The conversation should have ended where it began: when Quebec’s Liberal minister of international relations, Christine St-Pierre, told a scrum of reporters that a ban would be “very, very, difficult” to impose.
“Would it resolve the issue?” one journalist asked, not fully explaining what issue he was referring to.
“You’re smart, you can read, like me, what the Charters [of Rights and Freedoms] provide for in terms of freedom of expression,” she responded.

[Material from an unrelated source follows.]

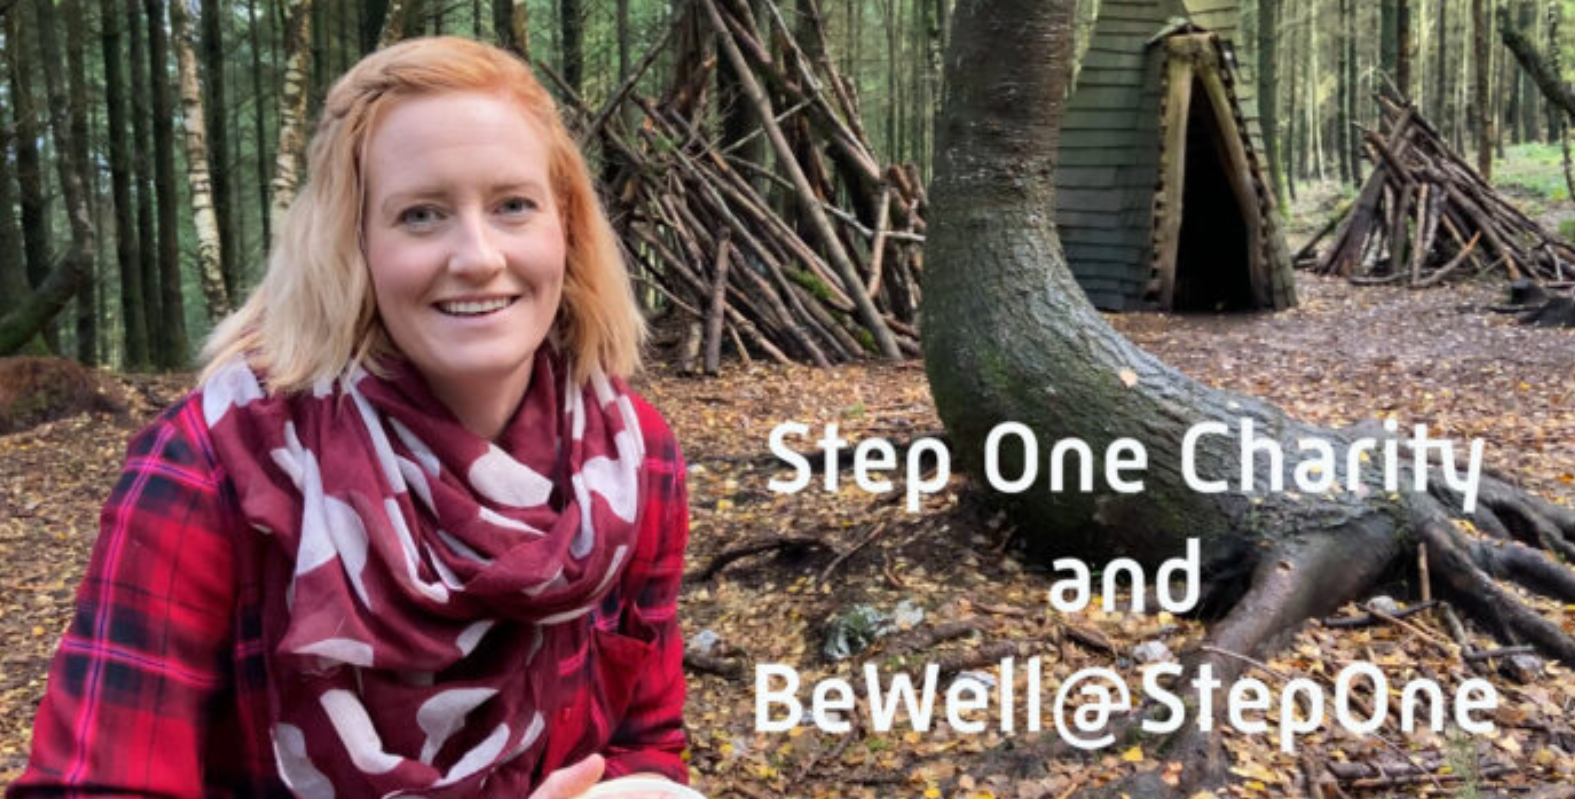 Amy Erith, BeWell@StepOne Training Manager, discusses Step One Charity and BeWell@StepOne initiative.

But targeting Muslims in incendiary blog posts became a useful tactic for the new PQ leader. Earlier that summer, Lisée chastised both another leadership hopeful and the prime minister for wishing Muslims a happy Eid al-Fitr, a holiday that marks the end of Ramadan. “It seems to me that the leader of a party and the government that wants to protect secularism and state neutrality should abstain from participating in religious rituals,” he wrote, before pointing out that Trudeau’s Easter wishes had been insufficiently effusive.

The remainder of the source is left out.